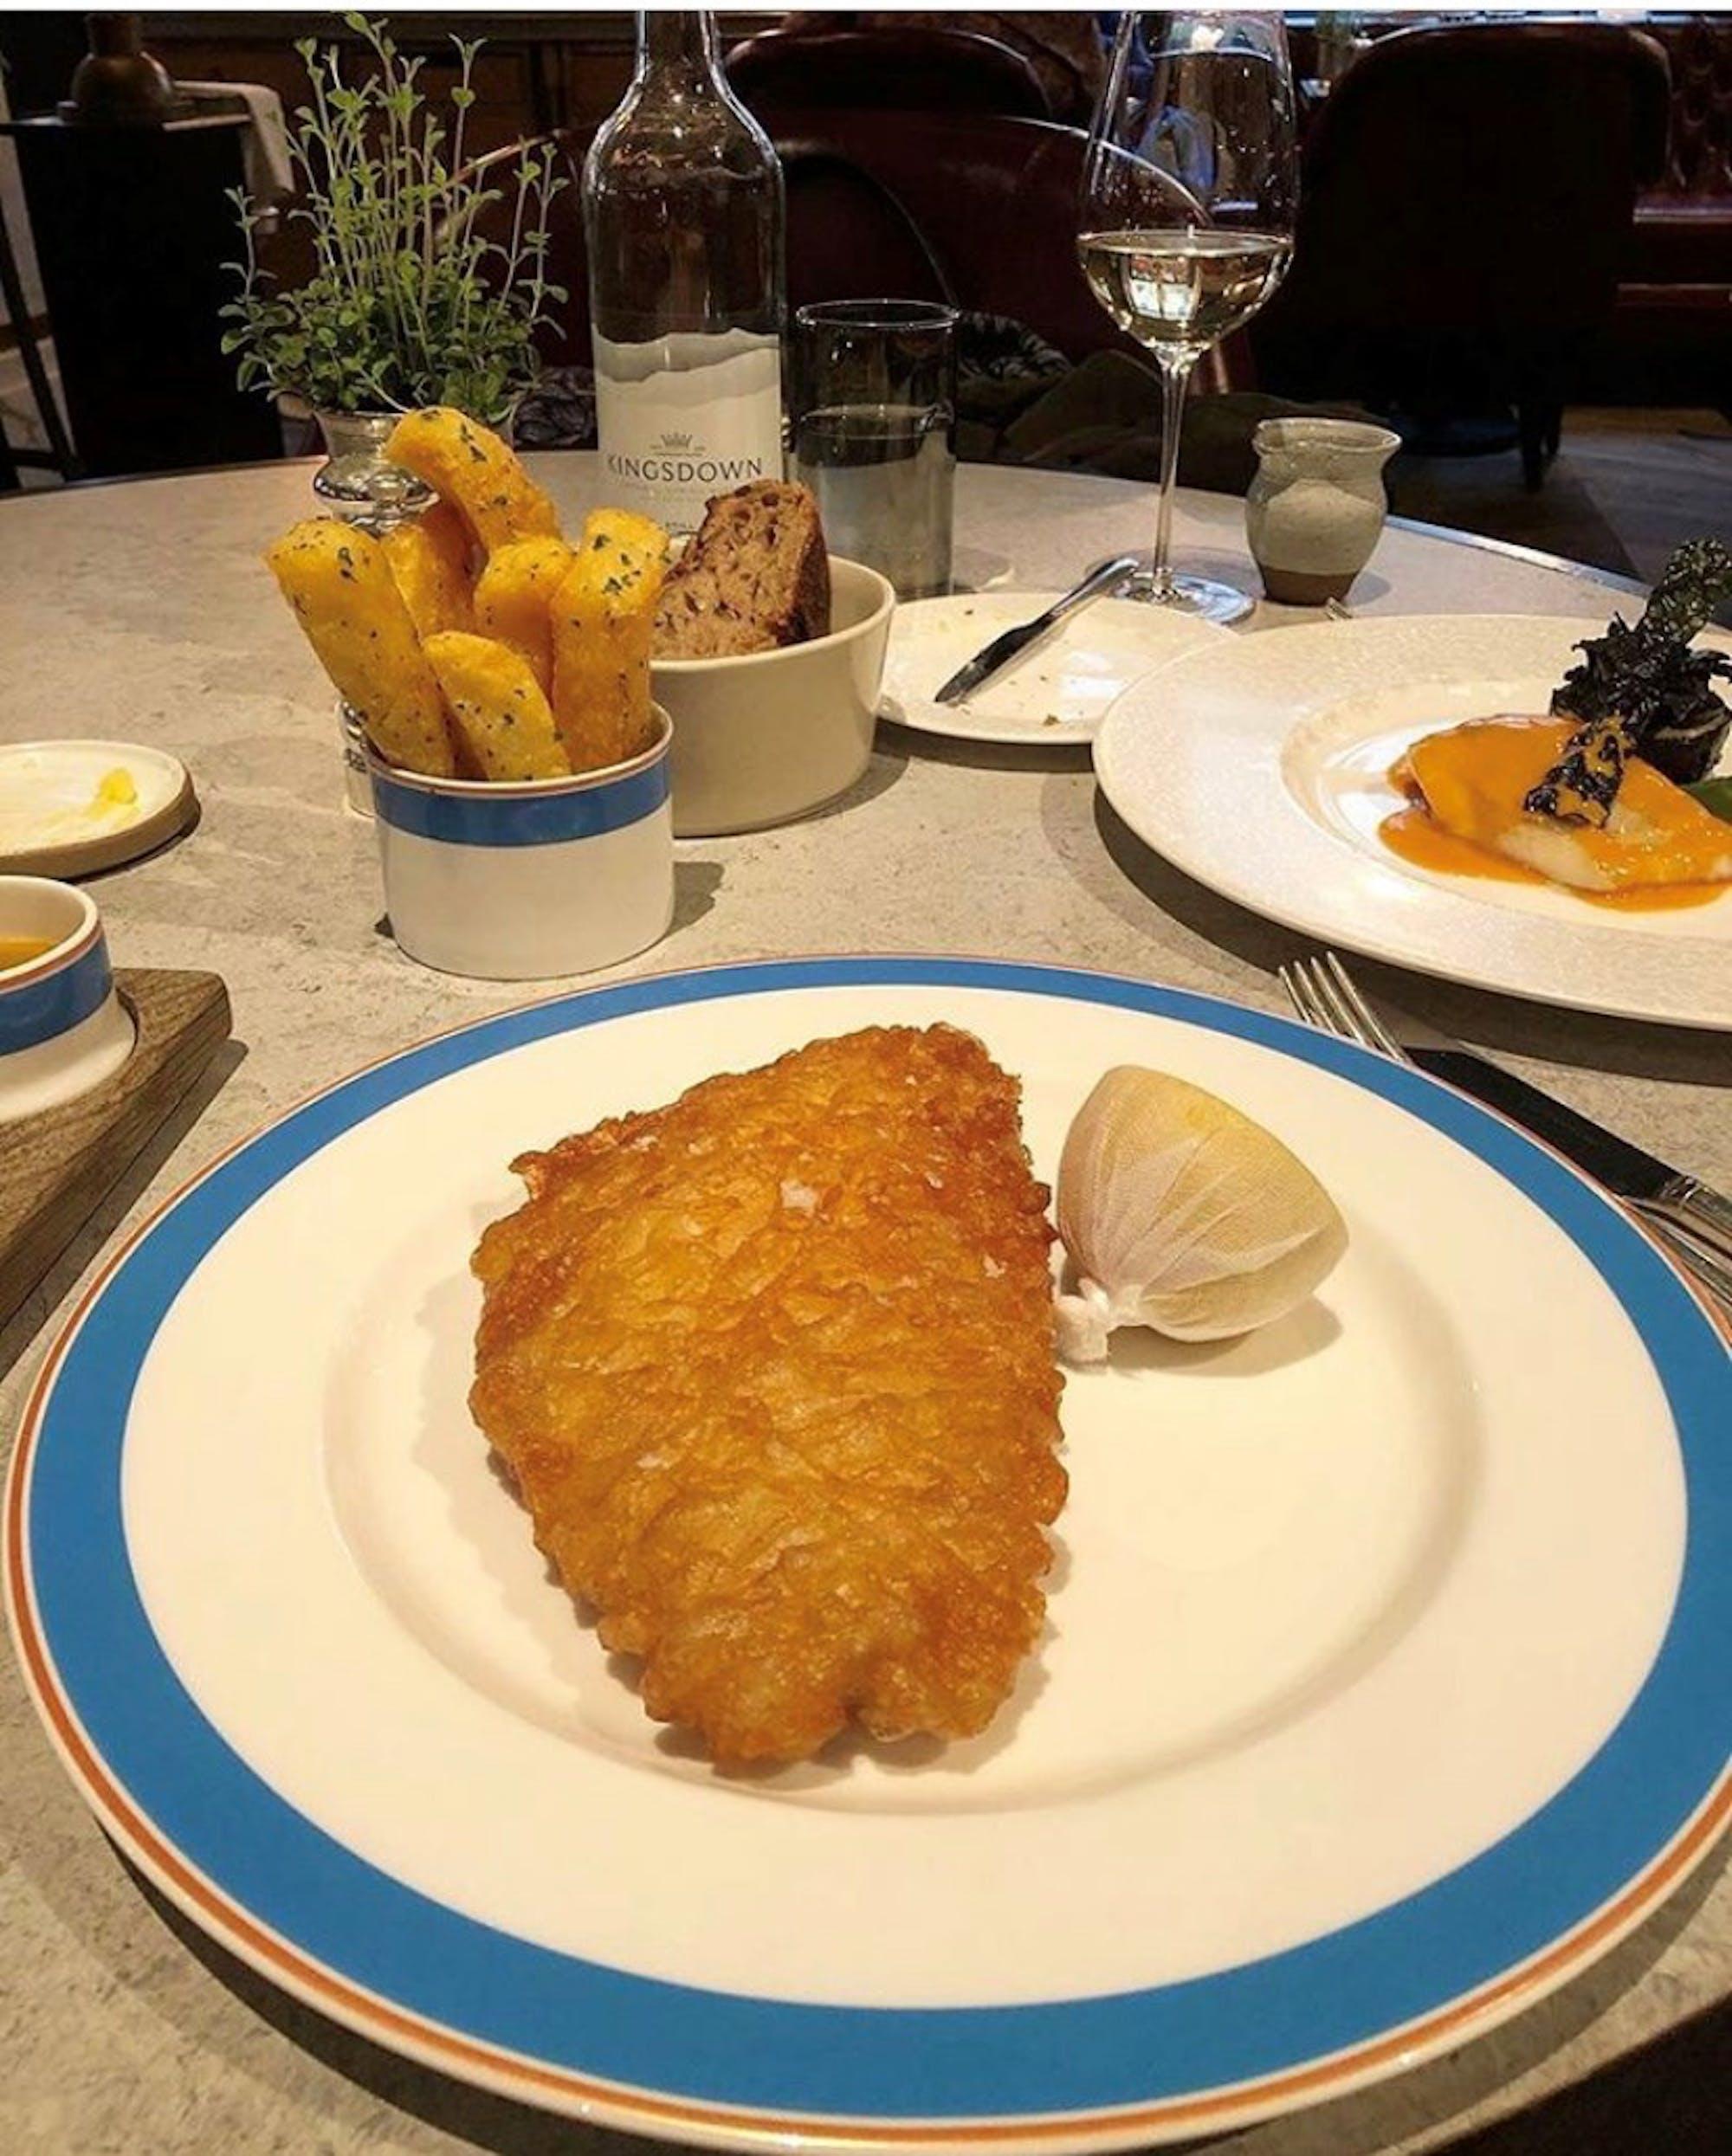 The Walpole Daily Practice  Fish & Chips - Kerridge's Bar & Grill at The Corinthia
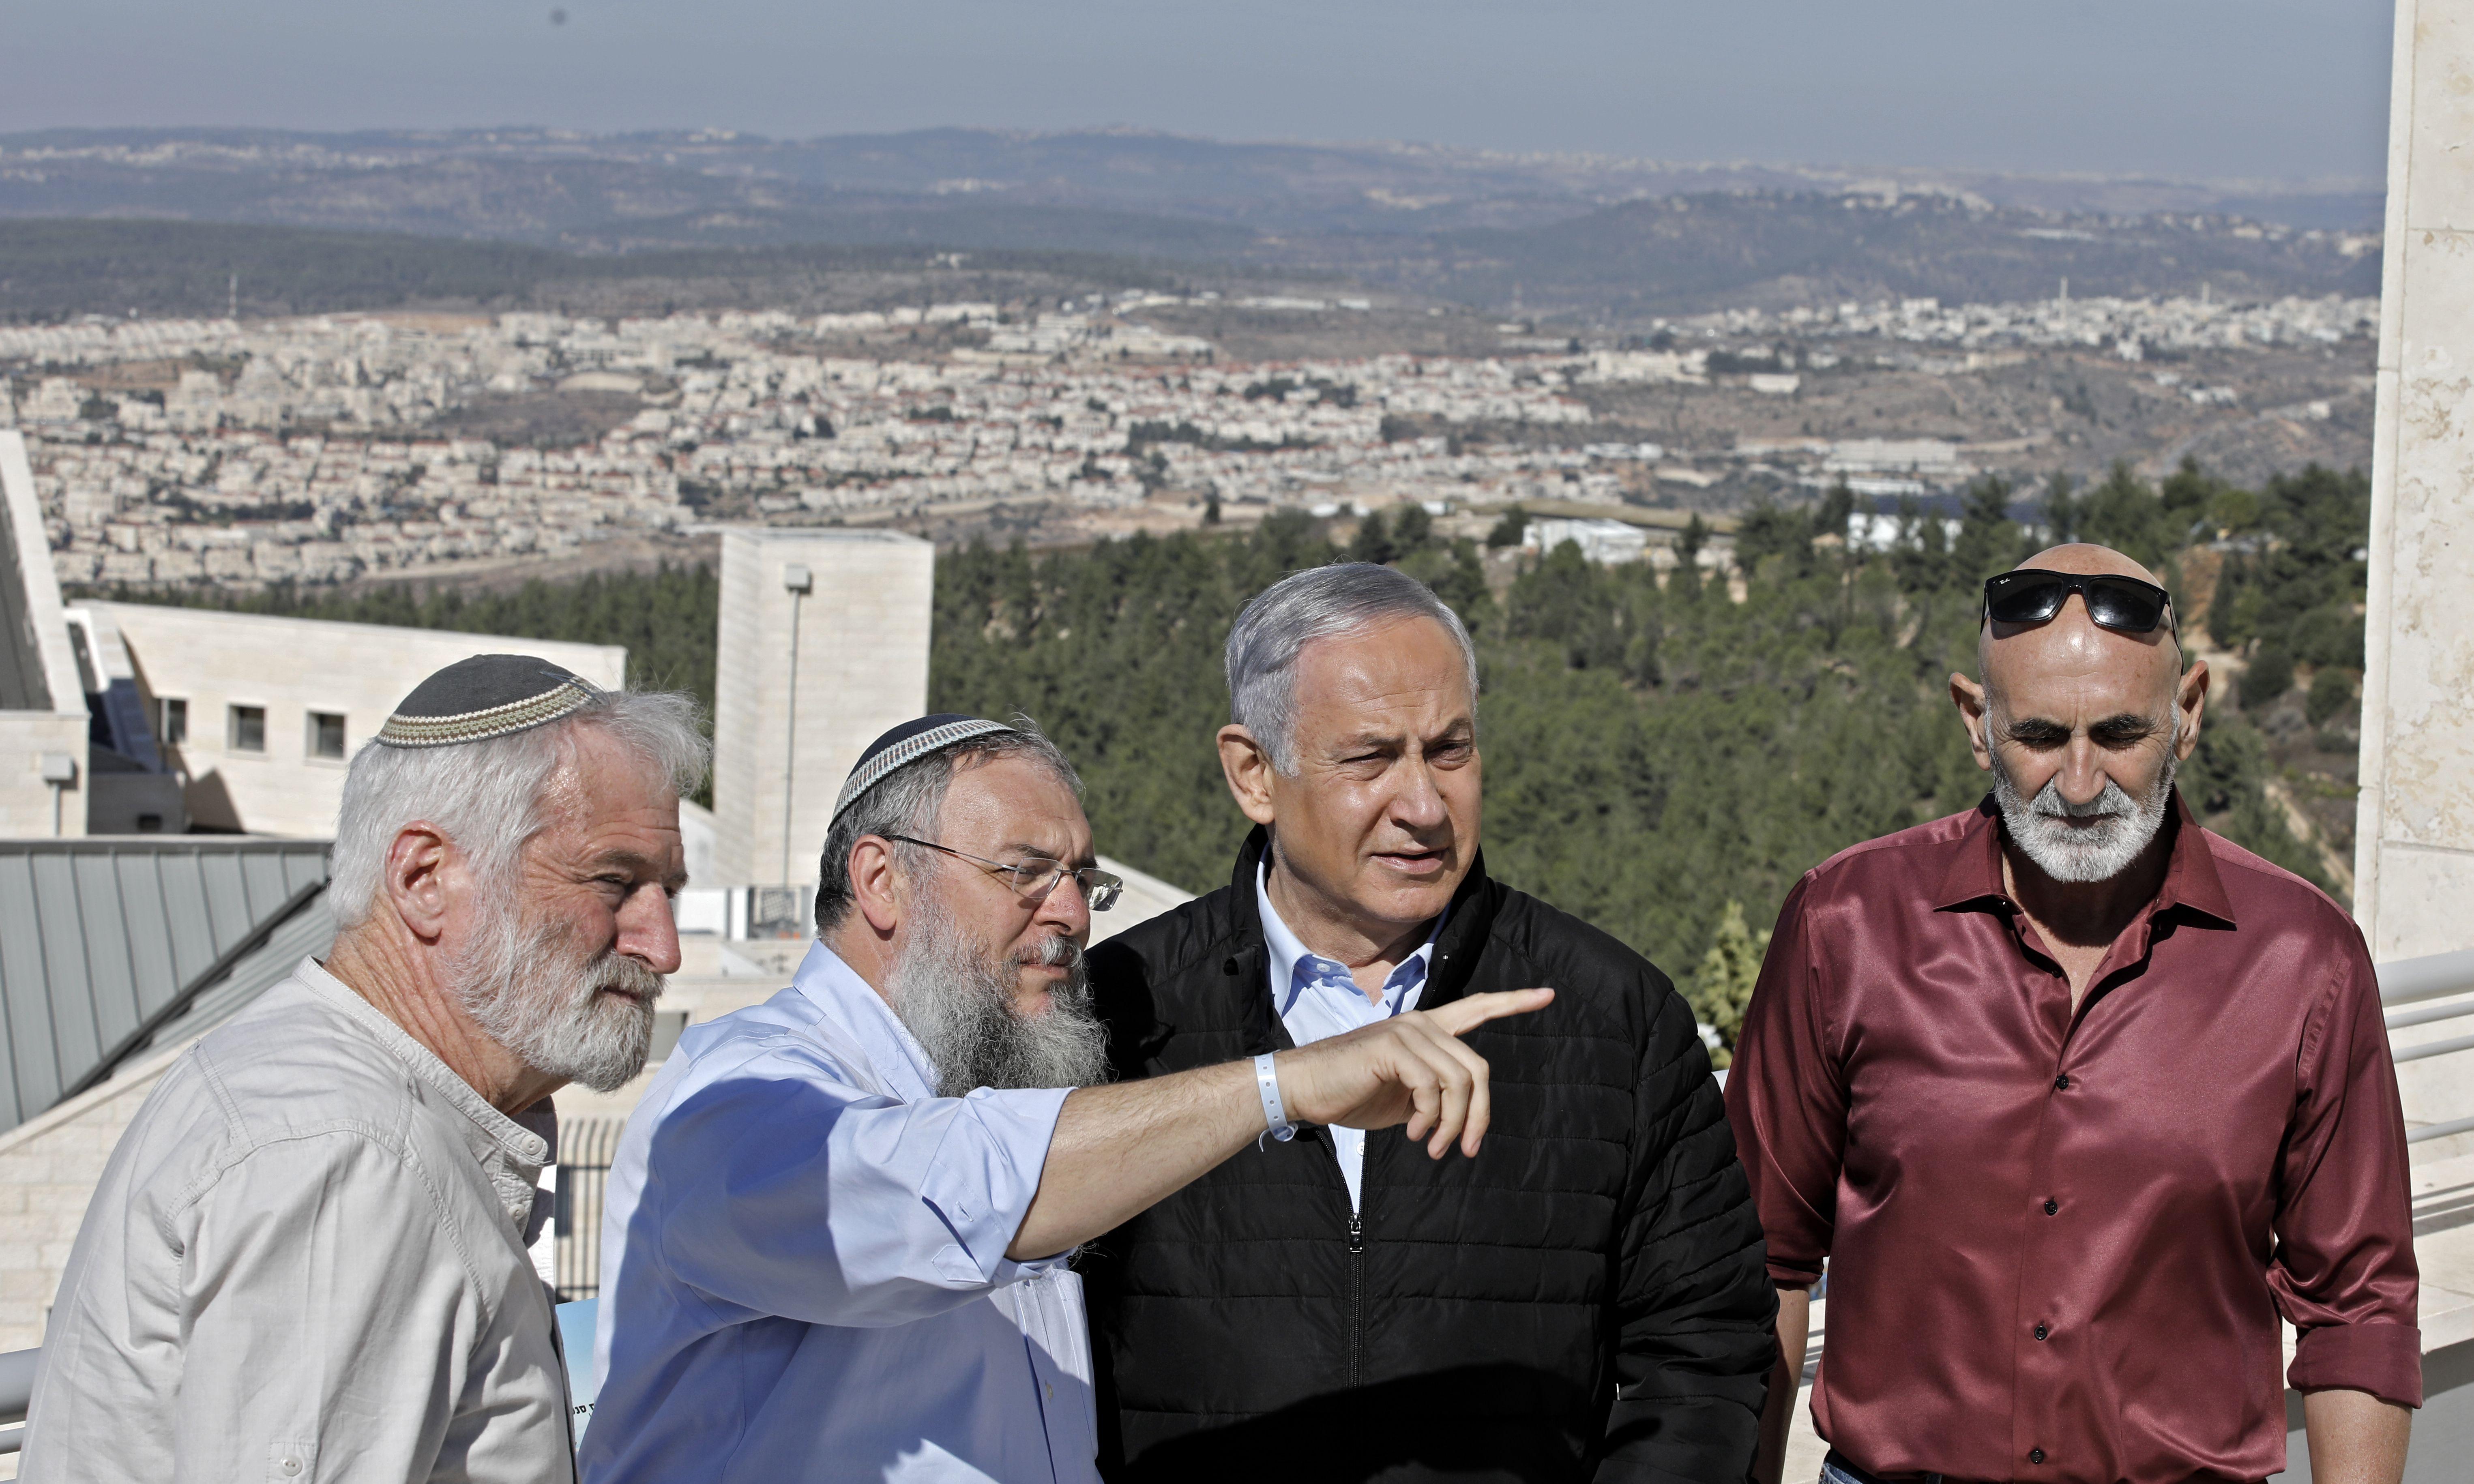 The Guardian view on Israeli settlements: still illegal
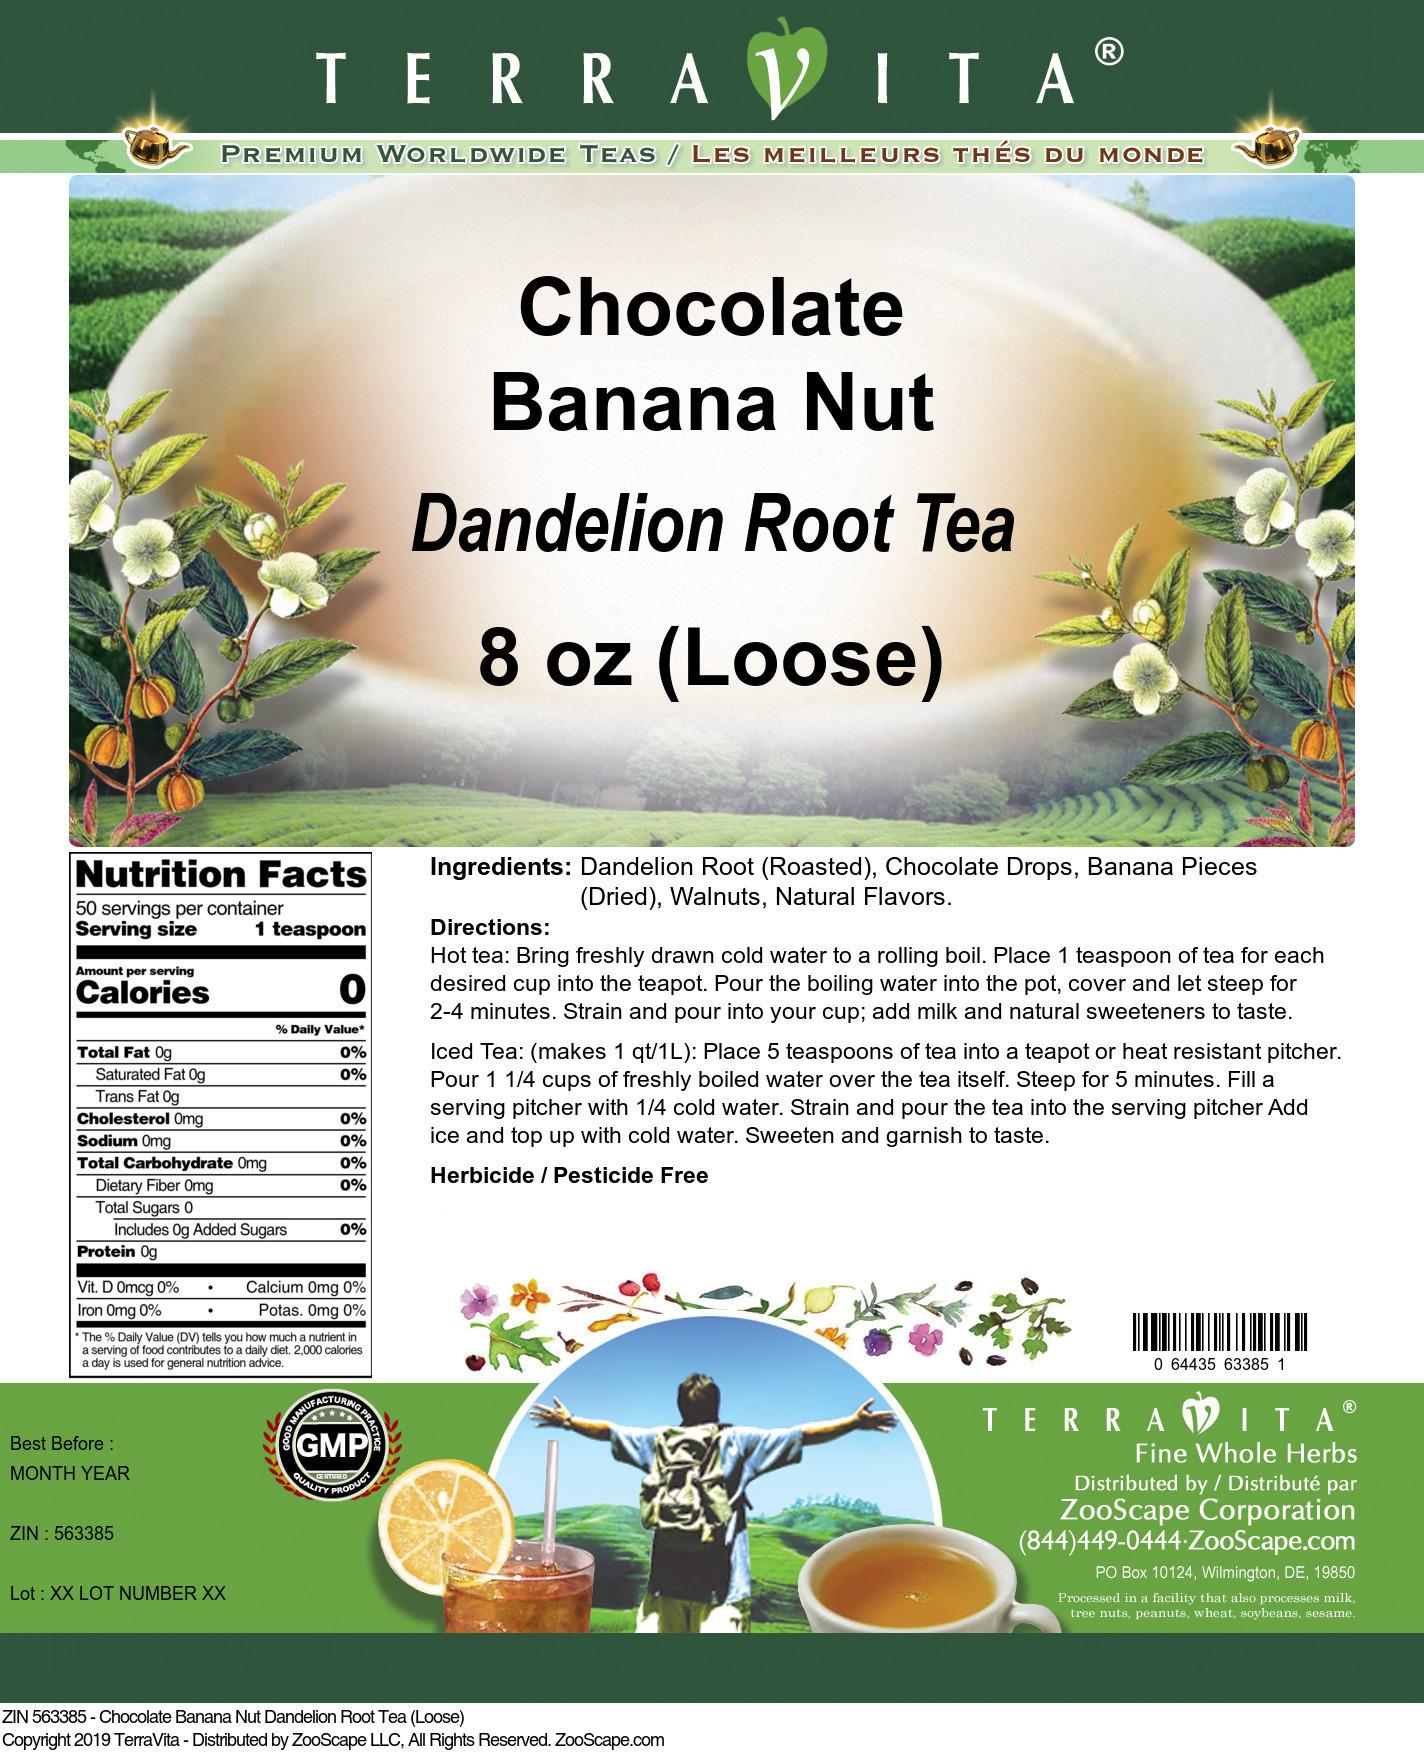 Chocolate Banana Nut Dandelion Root
################
### Prompt:
The material above must be set down word for word, with no picture carried over.

### Task solution:
 The Walpole Daily Practice  Fish & Chips - Kerridge's Bar & Grill at The Corinthia
 The Guardian view on Israeli settlements: still illegal
 Chocolate Banana Nut Dandelion Root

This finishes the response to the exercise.